(Dataset content)

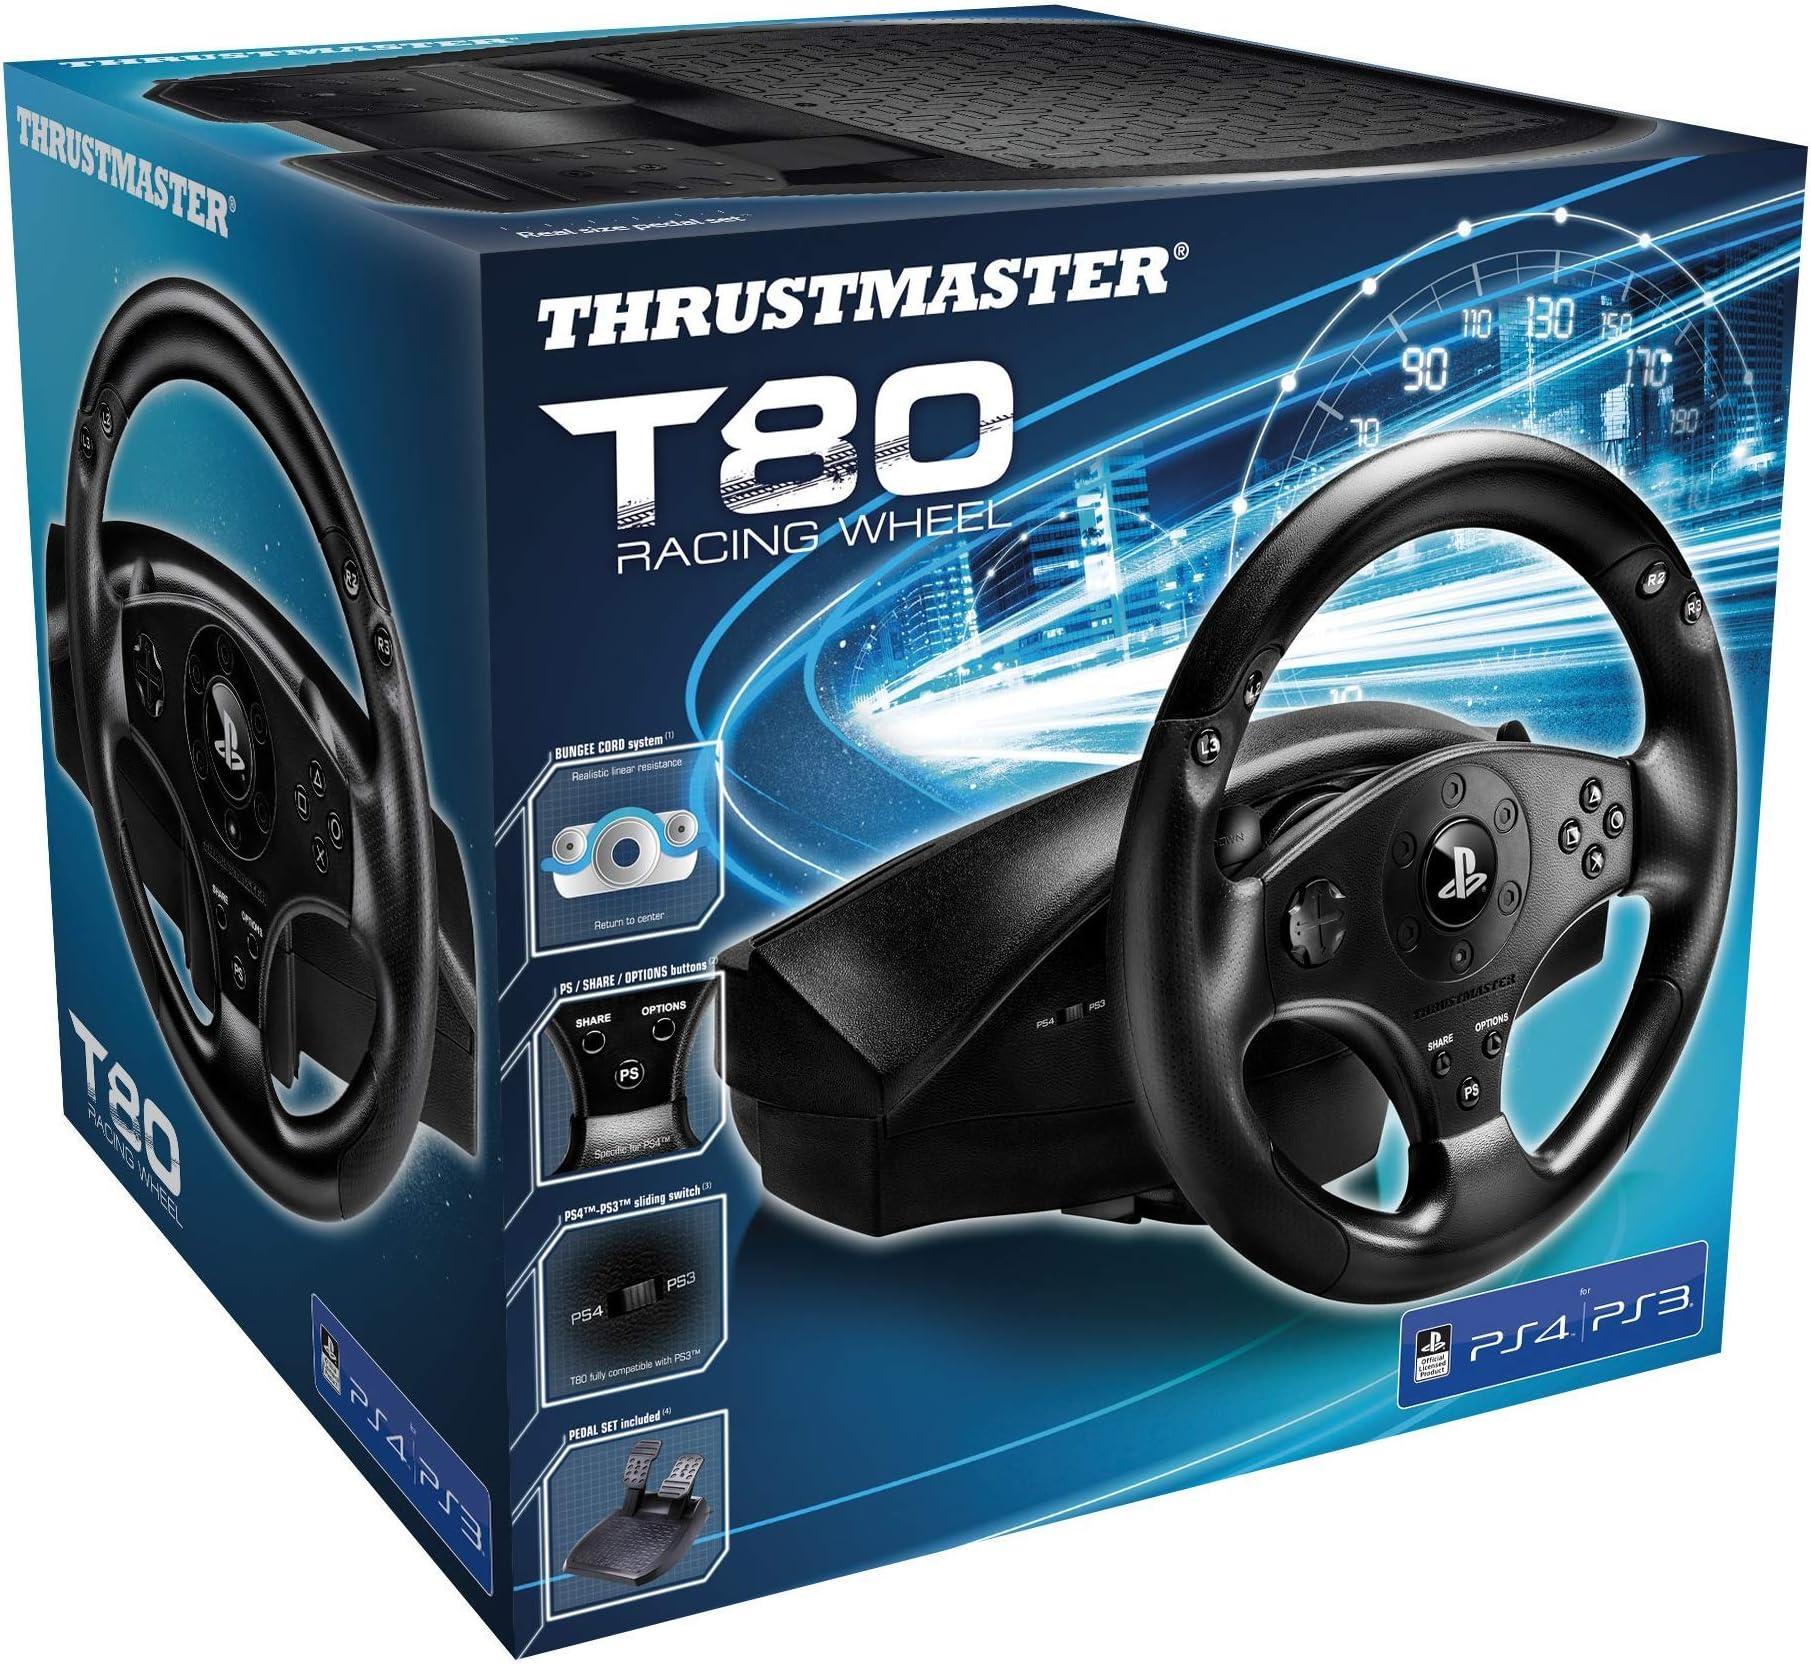 Thrustmaster T80
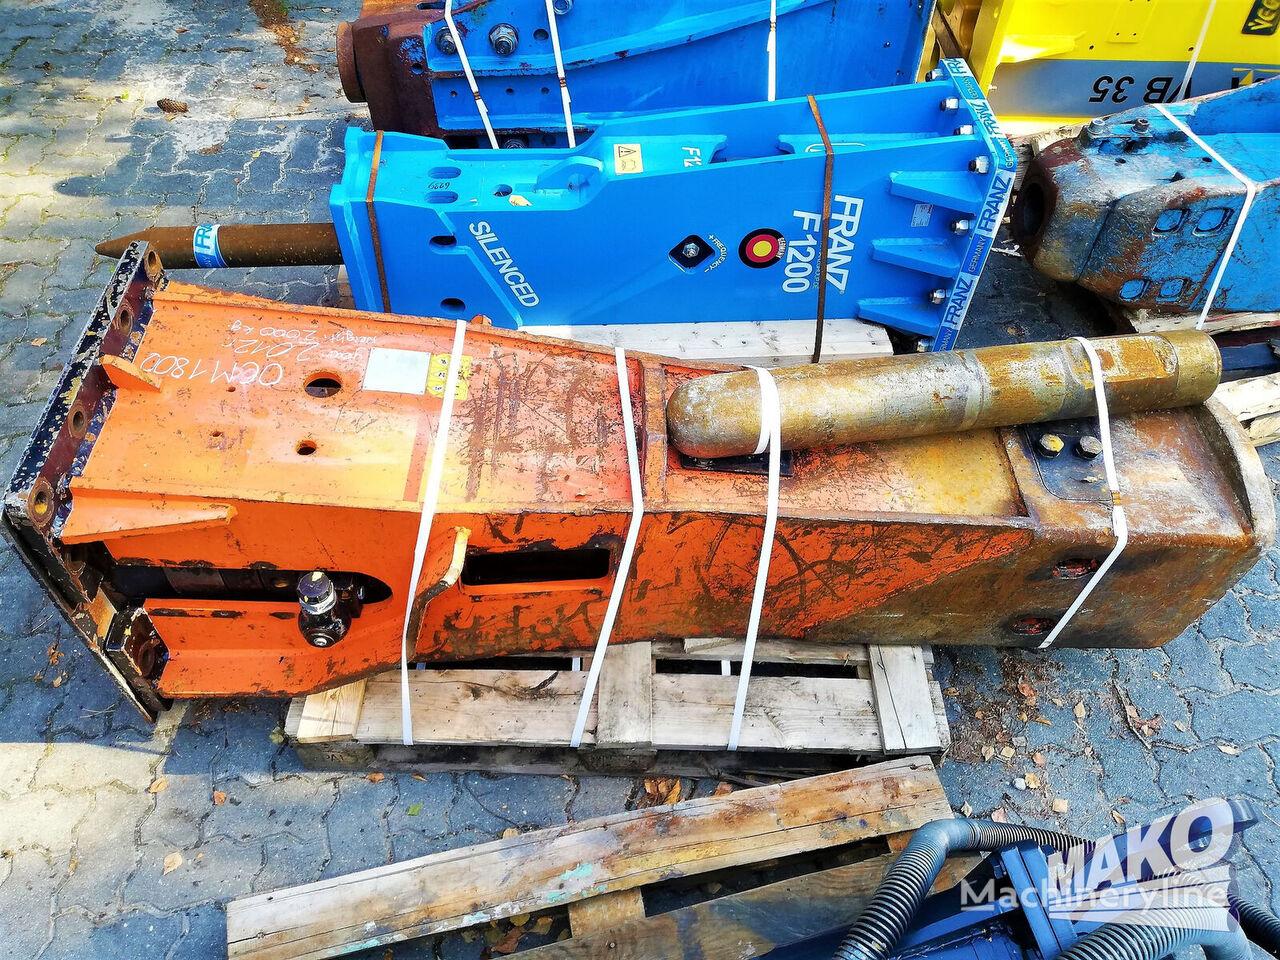 OCM 1800 hydraulic breaker
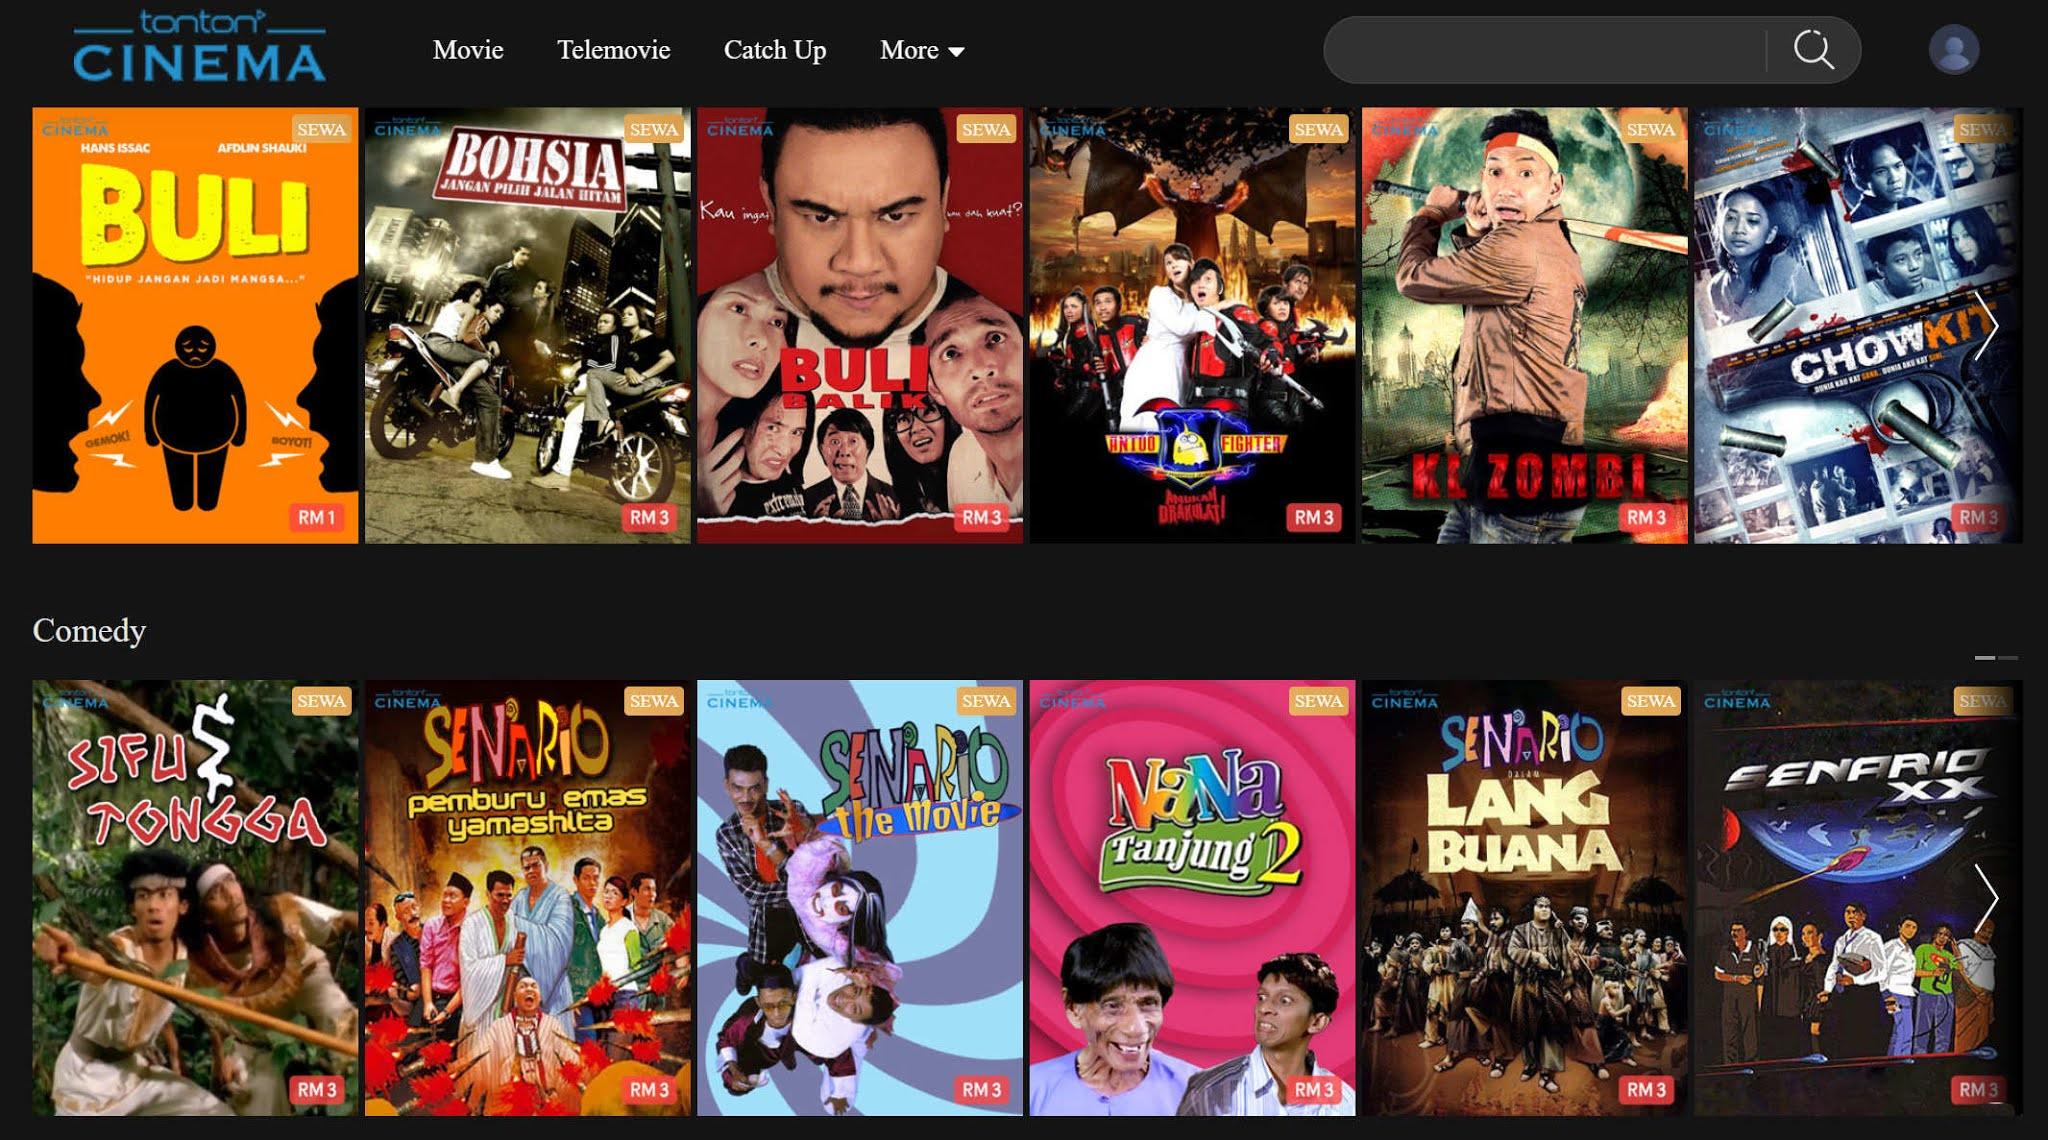 Promosi Terhad Serendah RM1 Untuk Sewa Filem Di Tonton Cinema

(End Dataset content)

▶ [Work request]: The aim is an exact repeat of the entire listing, stripped of pictures.

▶ [Exercise output]:
 Thrustmaster T80
 OCM 1800 hydraulic breaker
 Promosi Terhad Serendah RM1 Untuk Sewa Filem Di Tonton Cinema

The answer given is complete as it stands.